Three alleged accomplices of Jammeh have already been detained and are facing trial abroad under the legal principle of universal jurisdiction, including two former Junglers, Michael Sang Correa in the United States, and Bai L in Germany, as well as Gambia’s former interior minister, Ousman Sonko, in Switzerland.

The truth commission hearings have been widely followed on radio and television throughout The Gambia. The Point newspaper and the African Network Against Extrajudicial Killings and Enforced Disappearances (ANEKED) published digests of each three-week session, while the international website JusticeInfo.net ran 58 articles on what it called “the event of the year 2019 in the field of transitional justice.”

One of the TRRC’s tasks is the “identification and recommendation for prosecution of persons who bear the greatest responsibility for human rights violations and abuses.”

It will also make recommendations regarding reparations, reconciliation, and institutional reforms. The commission is expected to deliver its report in early July. The Gambian government will then decide how to respond to the recommendations.

“I hope justice will be served and the perpetrators will be brought before law.” said  Martin Kyere of Ghana, the sole survivor of the massacre of the 59 migrants.

Proposals in Gambia for following up on the TRRC’s accountability recommendations have centered on the possibility of a “hybrid” court with Gambian and international staff operating within the Gambian judicial system, which could help create a legal framework tailored to the prosecution of Jammeh-era crimes and build the capacity of the national justice system.

Human Rights Watch urged the government to begin planning now for a hybrid court that would function in accordance with international standards to avoid delays in funding and establishing it.

Testifying before the TRRC, Neneh MC Cham, a Gambian human rights lawyer, said that the government should “implement every single recommendation. It is the last hope for many victims and their fear every day is that it is all going to come to naught, zero.”

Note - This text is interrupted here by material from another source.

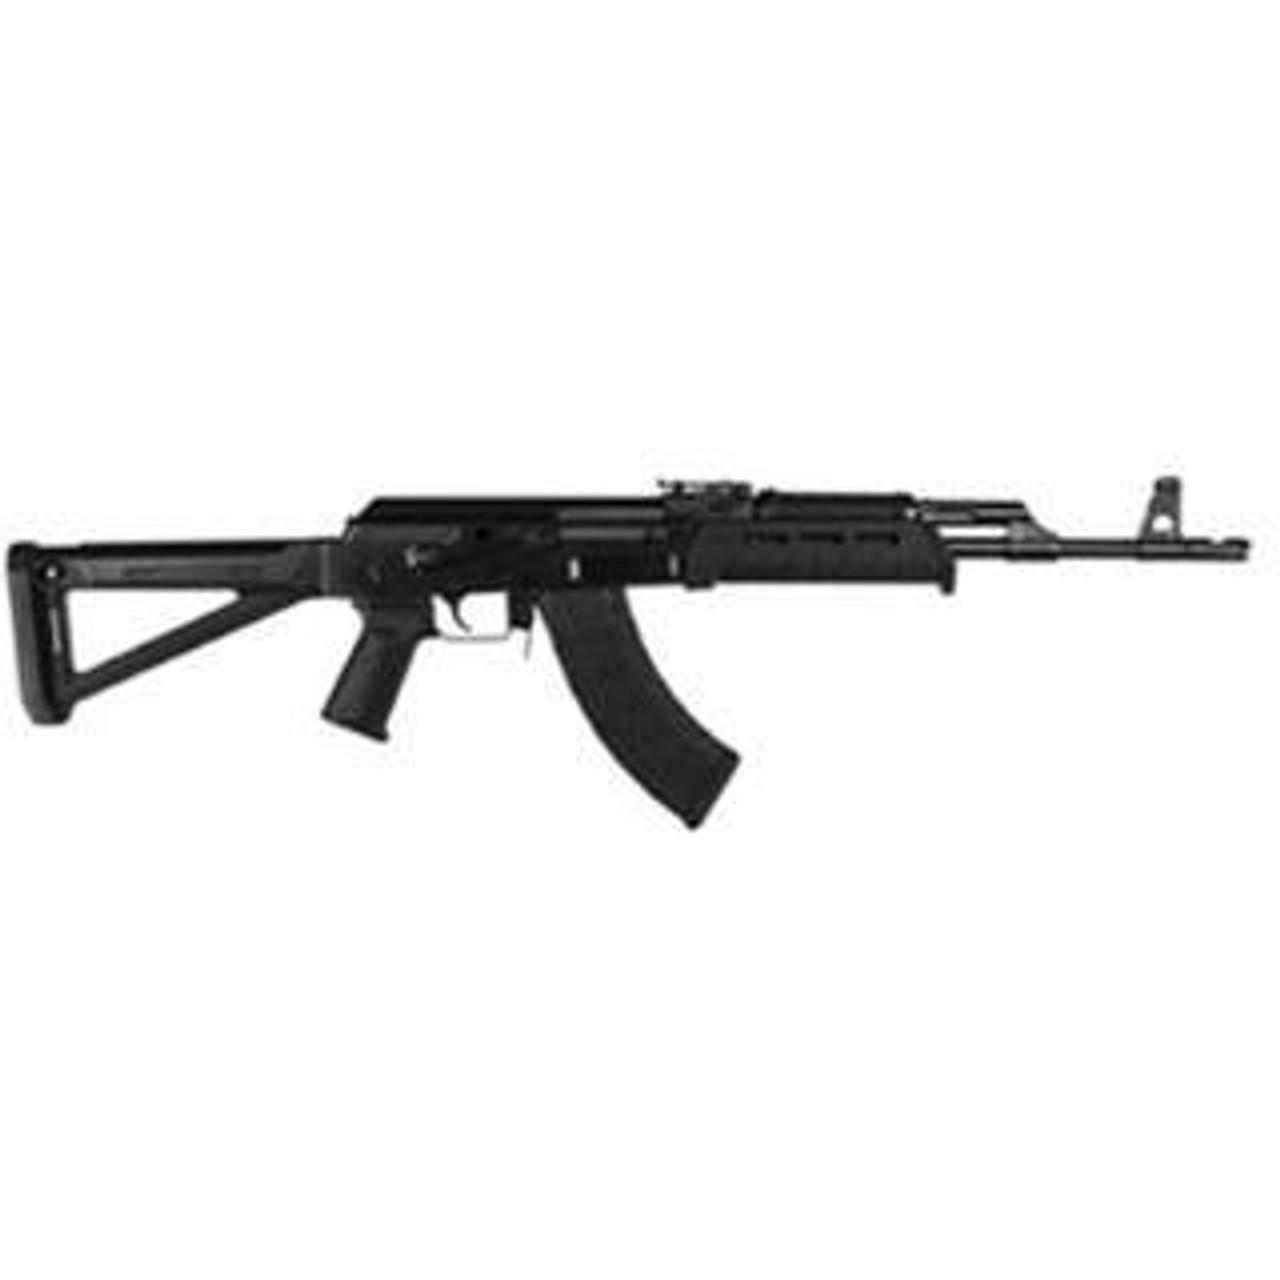 Century Arms C39v2 MOE MAGPUL CALIFORNIA LEGAL-7.62x39

How the government responds to the commission’s recommendations is expected to be a key issue in the Gambian elections scheduled for December 2021.

“I want to see Yahya Jammeh in court, not just for what he allegedly did to my father, but for all the alleged murders, rapes, and torture,” said Fatoumatta Sandeng, spokesperson for the Campaign to Bring Yahya Jammeh and his Accomplices to Justice (#Jammeh2Justice) and daughter of opposition leader Solo Sandeng, who was murdered in custody in 2016. “We victims need justice before we can reconcile and move on.”